S&P 500: Closed at 1006.29
Resistance: The March down trendline at 1015. The 10 day MVA (1024.67). The 18 day MVA (1035.36). The second March down trendline at 1049. The May low at 1048.96. 1060 offers minor resistance from previous prices. Then the February lows at 1074.
Support: 1004 is the September 2000/May 2001 down trendline. Below that is the bottom of the March downtrend channel at 991. The recent intraday low is at 981.63. The September low is 944.75.
Dow: Closed at 9431.77
Resistance: The March down trendline at 9445. 9500 is next. The 10 day MVA (9600.87) and the 18 day MVA (9689.45). 9750 is next and then the April and May lows at 9800 to 9811. The 200 day MVA (9838.69).
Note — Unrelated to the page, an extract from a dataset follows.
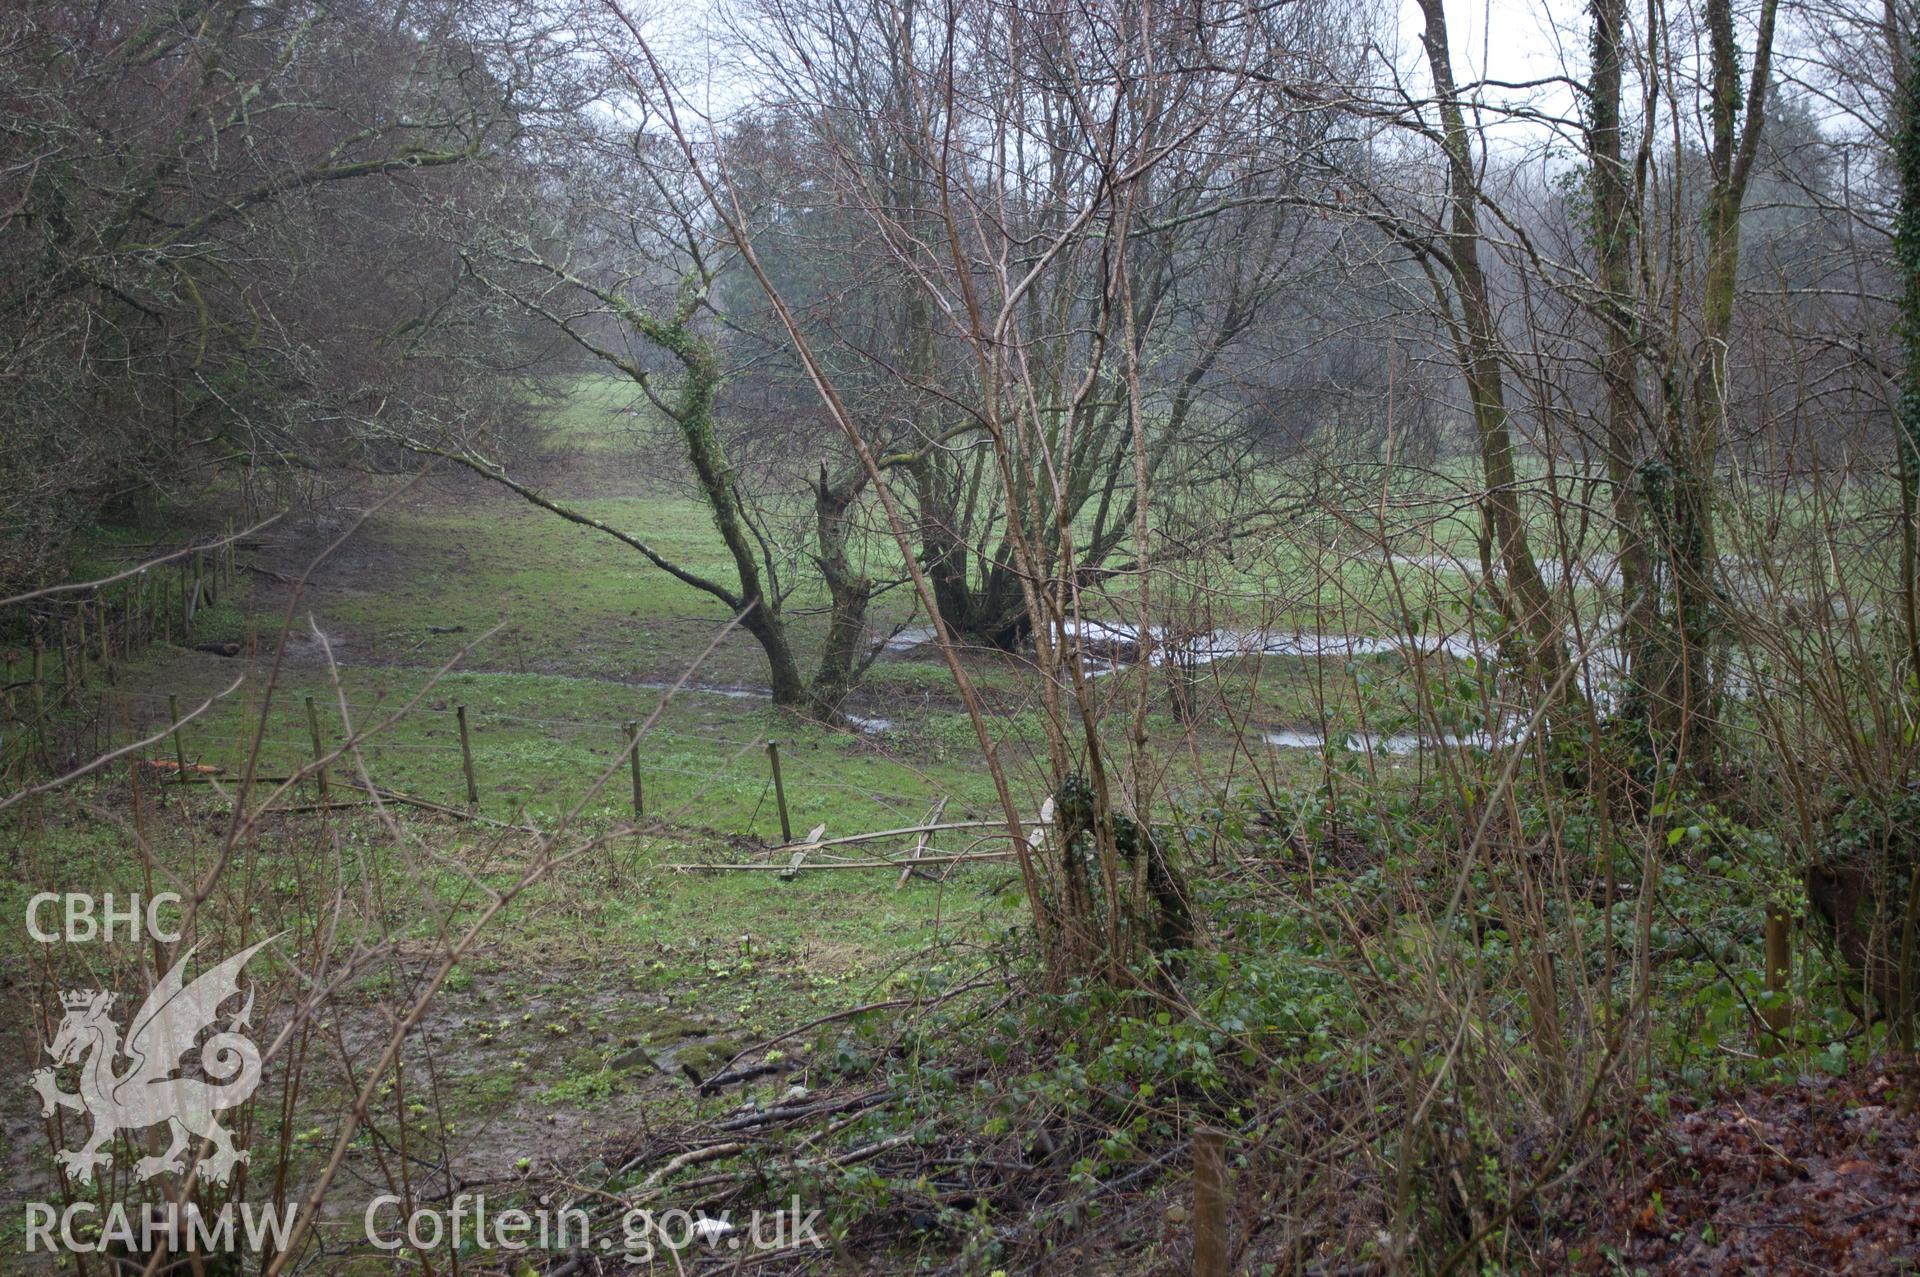 Marian Mawr archaeological assessment; section B-C, view from W showing view across low lying floodplain field showing pipe route, taken by Robert Evans of Gwynedd Archaeological Trust, 5th February 2016.

The September 2000/February 2001 down trendline is at roughly 9930 and the 50 day MVA at 9896.61. Then 10,100, followed by 10,250 to 10,300.
Support: The recent intraday low at 9250 is possible support. Then 9000 to 9100 appears better. There is a rest stop at 8500. The September low is 8062.
Economic Calendar
6-18-02
CPI, May (8:30): 0.0 actual versus +0.1% expected and 0.5% prior.
CPI, core (8:30): +0.2% actual and +0.2% expected and 0.3% prior.
Housing starts, May (8:30): +11.6% to 1.733M actual versus 1.600M expected and 1.53M prior.
Building permits, May (8:30): 1.674M actual versus 1.620M expected and 1.631 prior.
6-20-02
Current account, Q1 (8:30): -$112.5B actual versus -$108.0B expected and -$95.1B prior. (revised from -$98.8B)
Trade balance, April (8:30): -$35.9B actual versus -$32.2B expected and -$32.5B prior. (revised from -$31.6B)
Intial jobless claims (8:30): 393K actual versus 385K expected and 395K prior. (revised from 390K)
Leading Economic Indicators, May (10:00): 0.4% actual versus 0.2% expected and -0.3% prior. (revised from -0.4%)
Philadelphia Fed, June (12:00): 22.2 actual versus 11.0 expected and 9.1 prior.
Treasury Budget, May (2:00): -$80.6 actual versus -$70.0B expected and -$27.9B prior.